HOW TO COMPLETE THIS TASK: Only some lines are wanted. Transcribe, exactly, the lines below from the line with "Hệ thống đèn" up to and including the line with "Mercato - Neymar".

[Saved entries]

########################################

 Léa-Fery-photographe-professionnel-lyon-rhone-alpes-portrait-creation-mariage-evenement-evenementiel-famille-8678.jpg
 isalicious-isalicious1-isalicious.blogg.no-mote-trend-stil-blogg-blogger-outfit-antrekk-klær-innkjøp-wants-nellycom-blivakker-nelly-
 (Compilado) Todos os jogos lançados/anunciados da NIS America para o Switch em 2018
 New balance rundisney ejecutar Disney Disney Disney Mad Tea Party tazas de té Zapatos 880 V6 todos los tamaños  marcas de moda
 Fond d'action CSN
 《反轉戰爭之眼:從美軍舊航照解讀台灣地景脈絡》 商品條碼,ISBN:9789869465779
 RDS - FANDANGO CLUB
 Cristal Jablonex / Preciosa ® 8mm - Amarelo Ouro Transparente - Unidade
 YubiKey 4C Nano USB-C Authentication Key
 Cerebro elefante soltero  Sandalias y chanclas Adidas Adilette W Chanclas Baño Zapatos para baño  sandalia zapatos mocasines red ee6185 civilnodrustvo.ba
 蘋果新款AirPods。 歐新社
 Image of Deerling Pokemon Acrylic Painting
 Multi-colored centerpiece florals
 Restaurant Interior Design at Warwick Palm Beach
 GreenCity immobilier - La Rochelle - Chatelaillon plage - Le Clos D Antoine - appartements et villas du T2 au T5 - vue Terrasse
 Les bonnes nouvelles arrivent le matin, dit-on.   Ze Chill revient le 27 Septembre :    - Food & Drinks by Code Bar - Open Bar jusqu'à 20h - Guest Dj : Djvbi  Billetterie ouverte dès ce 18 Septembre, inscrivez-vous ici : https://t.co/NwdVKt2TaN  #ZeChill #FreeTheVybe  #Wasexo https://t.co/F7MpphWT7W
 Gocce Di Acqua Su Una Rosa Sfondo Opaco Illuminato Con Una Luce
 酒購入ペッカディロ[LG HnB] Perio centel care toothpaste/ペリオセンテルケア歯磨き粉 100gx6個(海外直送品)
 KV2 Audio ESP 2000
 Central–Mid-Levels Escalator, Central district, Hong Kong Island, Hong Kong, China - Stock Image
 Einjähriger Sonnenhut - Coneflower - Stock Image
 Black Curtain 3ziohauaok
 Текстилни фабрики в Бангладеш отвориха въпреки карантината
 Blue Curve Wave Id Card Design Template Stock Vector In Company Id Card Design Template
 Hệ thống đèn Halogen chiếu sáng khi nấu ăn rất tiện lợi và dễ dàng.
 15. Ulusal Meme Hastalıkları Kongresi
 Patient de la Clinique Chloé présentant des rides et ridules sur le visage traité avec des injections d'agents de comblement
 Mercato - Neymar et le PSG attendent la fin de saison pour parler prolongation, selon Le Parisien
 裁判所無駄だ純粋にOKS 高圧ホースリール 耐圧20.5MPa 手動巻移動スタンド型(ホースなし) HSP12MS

########################################

ANSWER BOX:
 Hệ thống đèn Halogen chiếu sáng khi nấu ăn rất tiện lợi và dễ dàng.
 15. Ulusal Meme Hastalıkları Kongresi
 Patient de la Clinique Chloé présentant des rides et ridules sur le visage traité avec des injections d'agents de comblement
 Mercato - Neymar et le PSG attendent la fin de saison pour parler prolongation, selon Le Parisien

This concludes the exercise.